Data excerpt
________________________
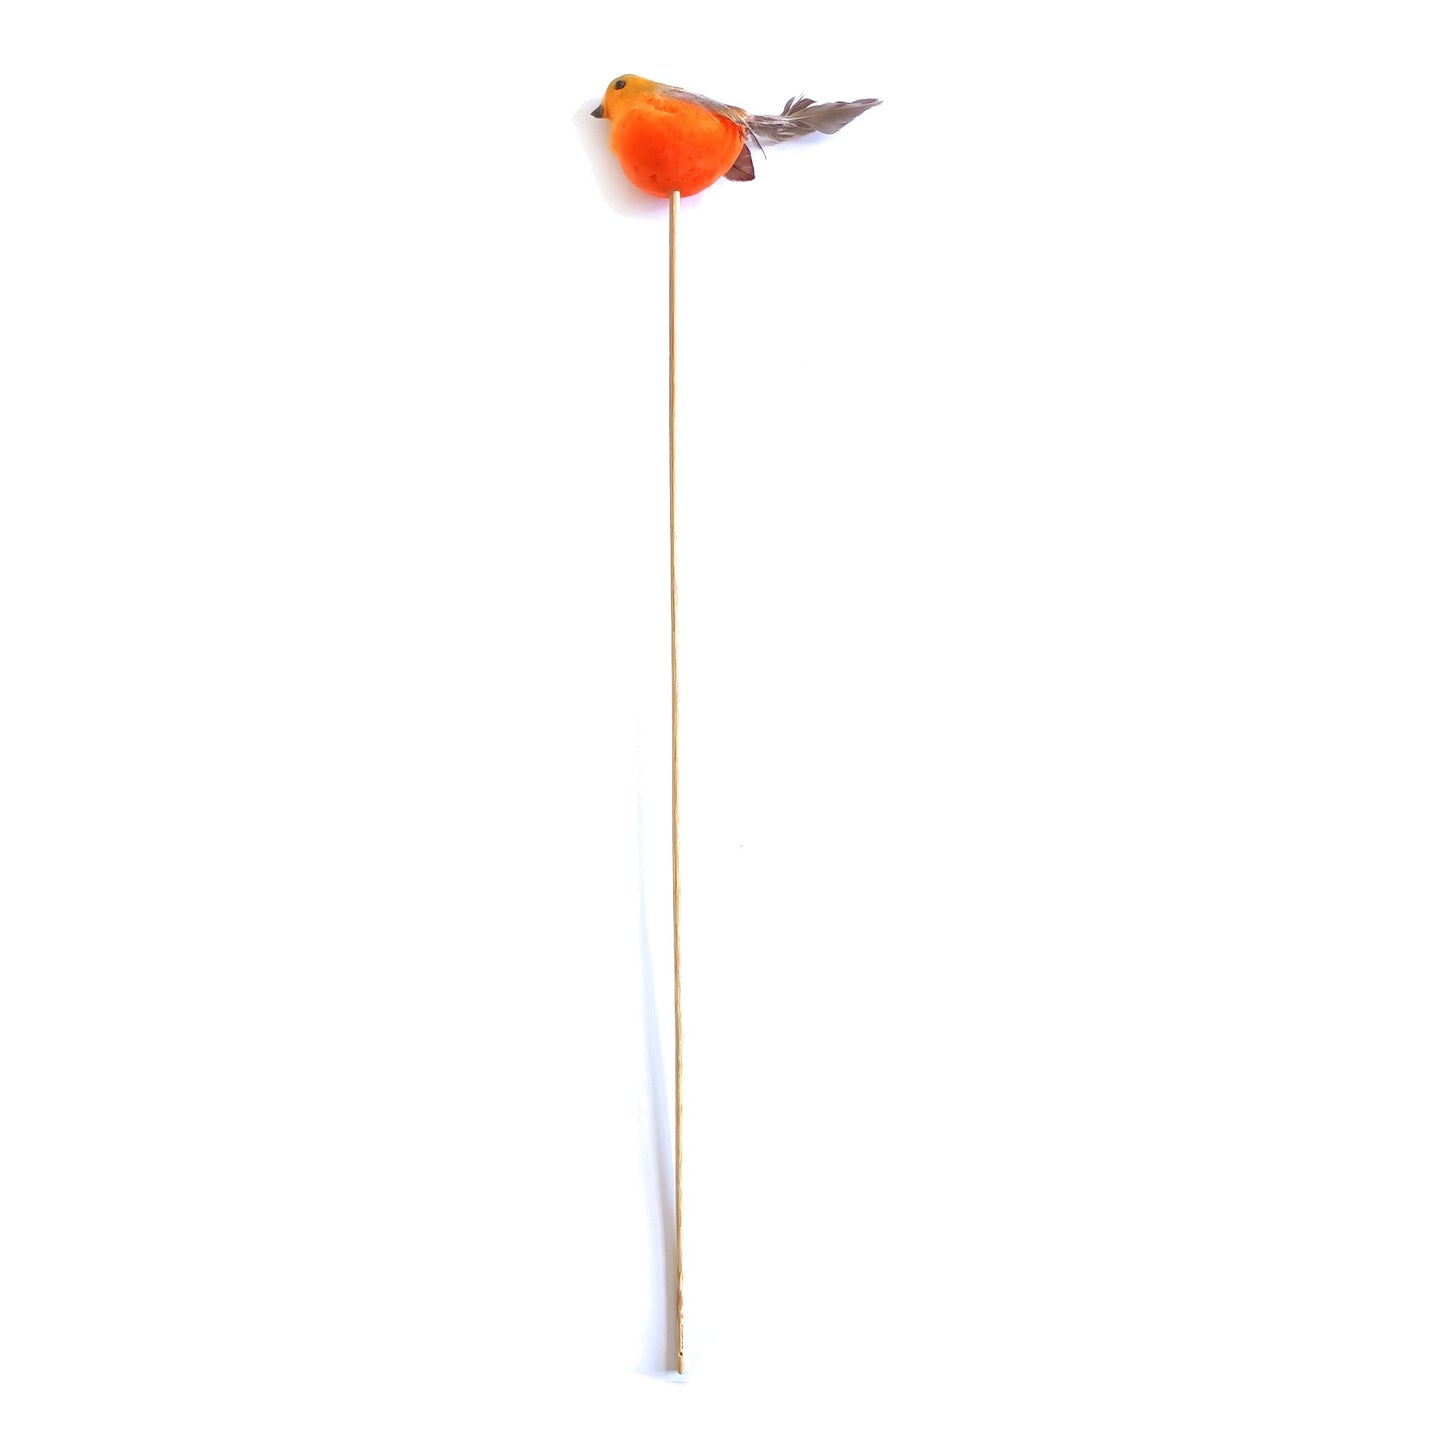 Red Robin on Stick Decoration
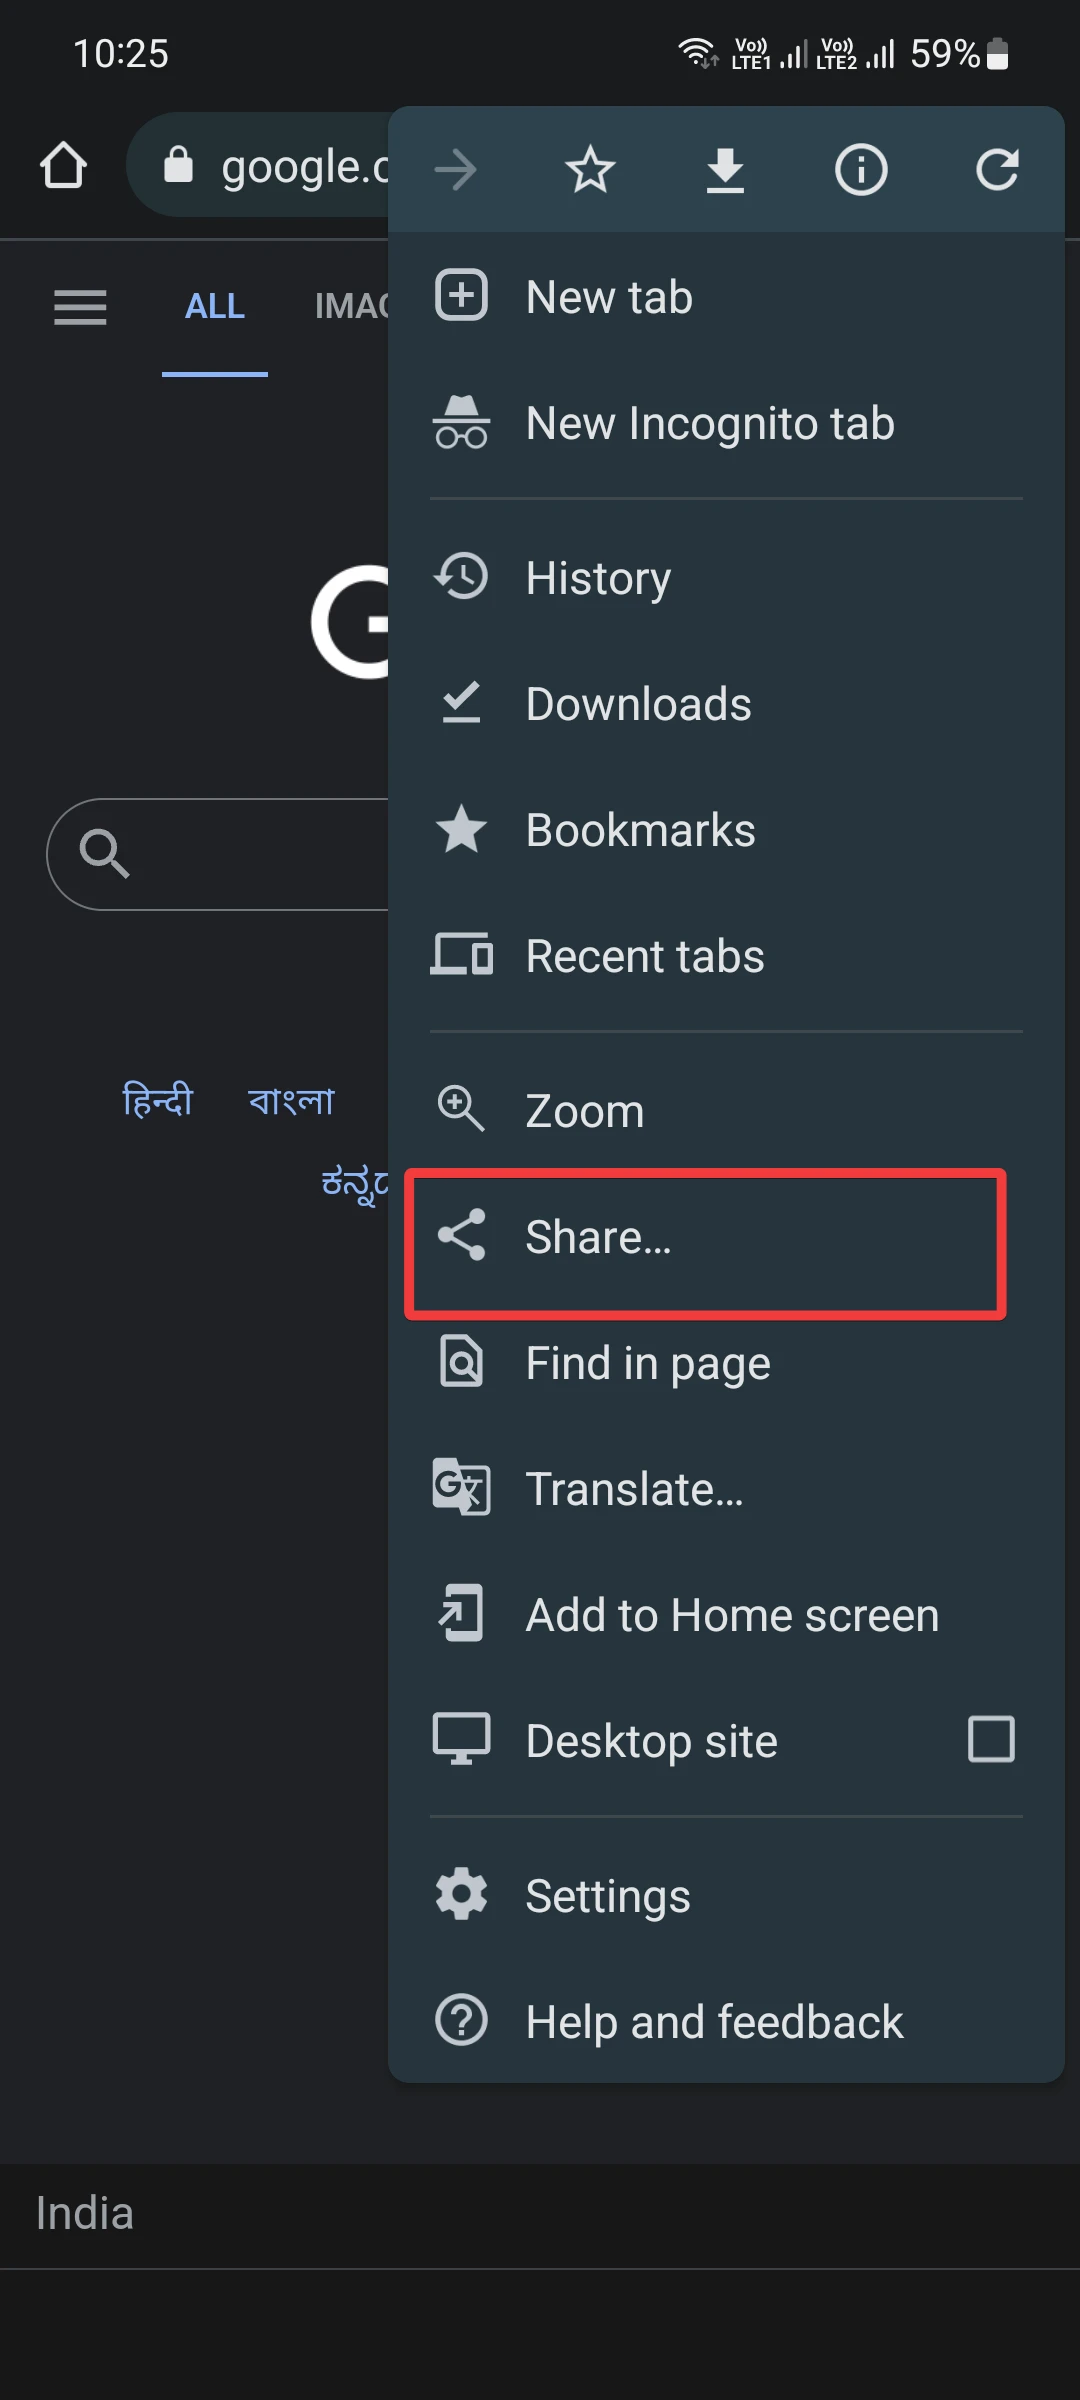 Share button option
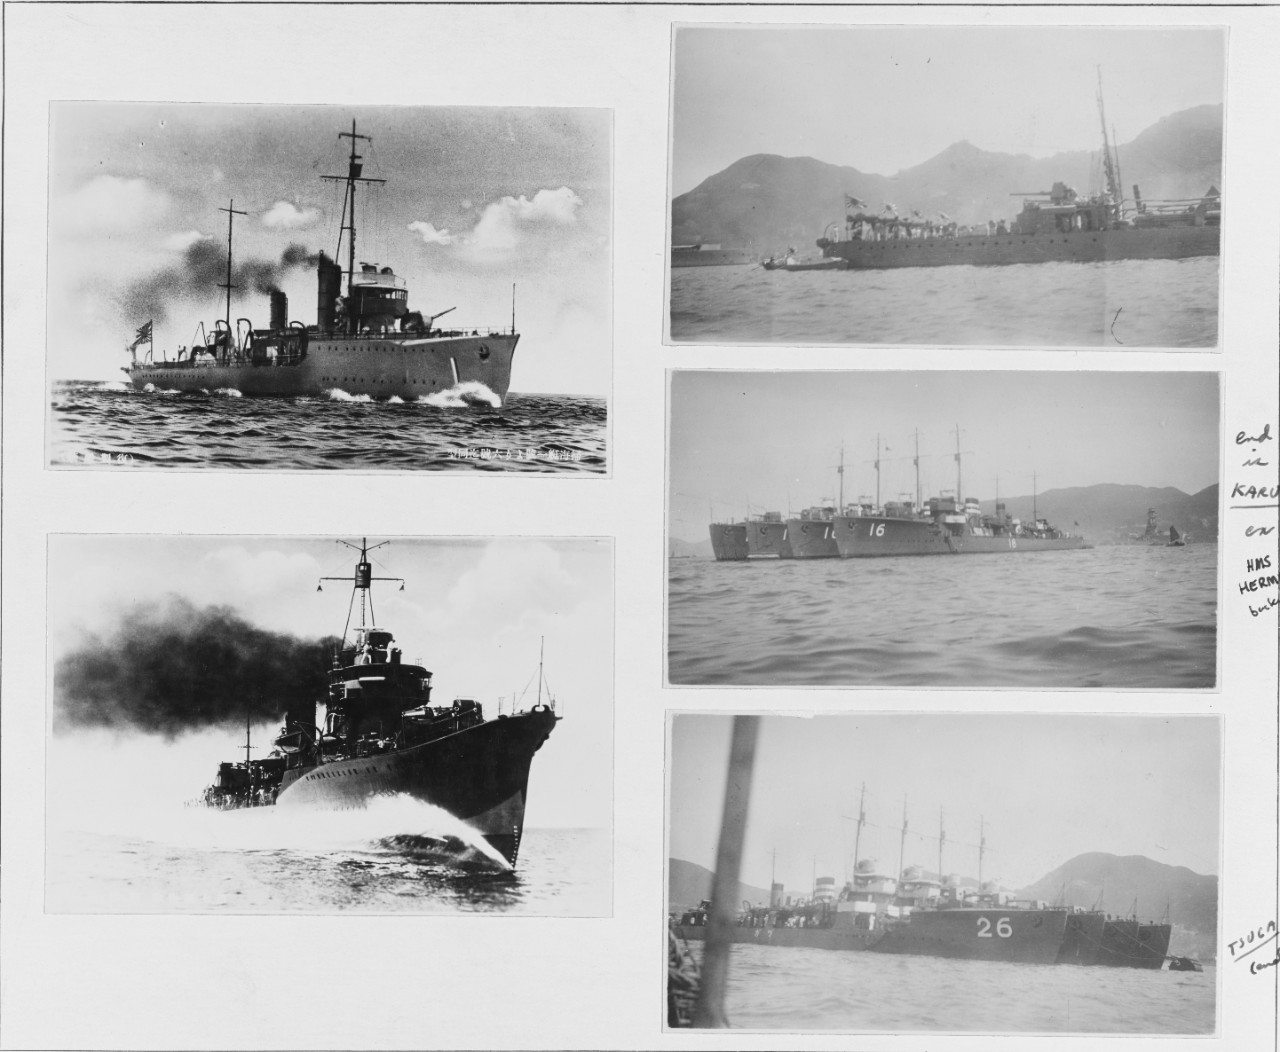 Japanese Destroyers: KARUKAYA (No. 18), HMS HERMES in background, TSUGA (No. 26)
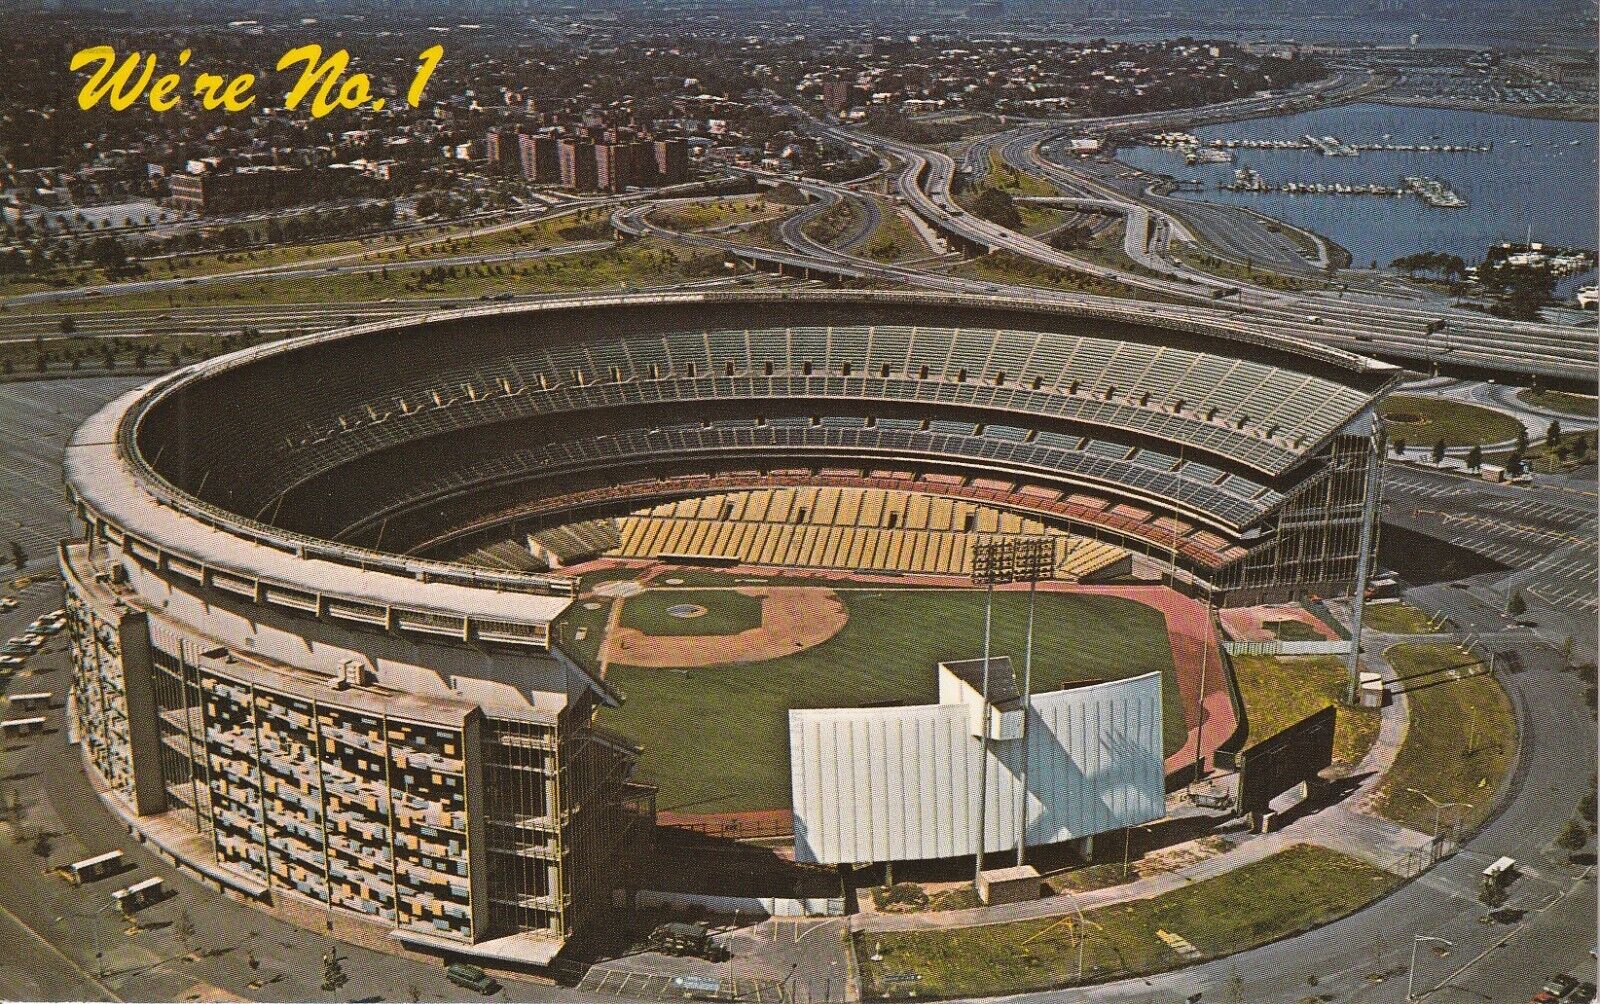 MLB New York Mets Baseball NFL Jets Football - Shea Stadium Postcard - We\'re #1
________________________
Description of the task
Only the lines from the one containing "Japanese Destroyers: KARUKAYA" through the last line of the data above, both included, belong in the reply, each restated exactly and without pictures.

Answer to this task
 Japanese Destroyers: KARUKAYA (No. 18), HMS HERMES in background, TSUGA (No. 26)
 MLB New York Mets Baseball NFL Jets Football - Shea Stadium Postcard - We\'re #1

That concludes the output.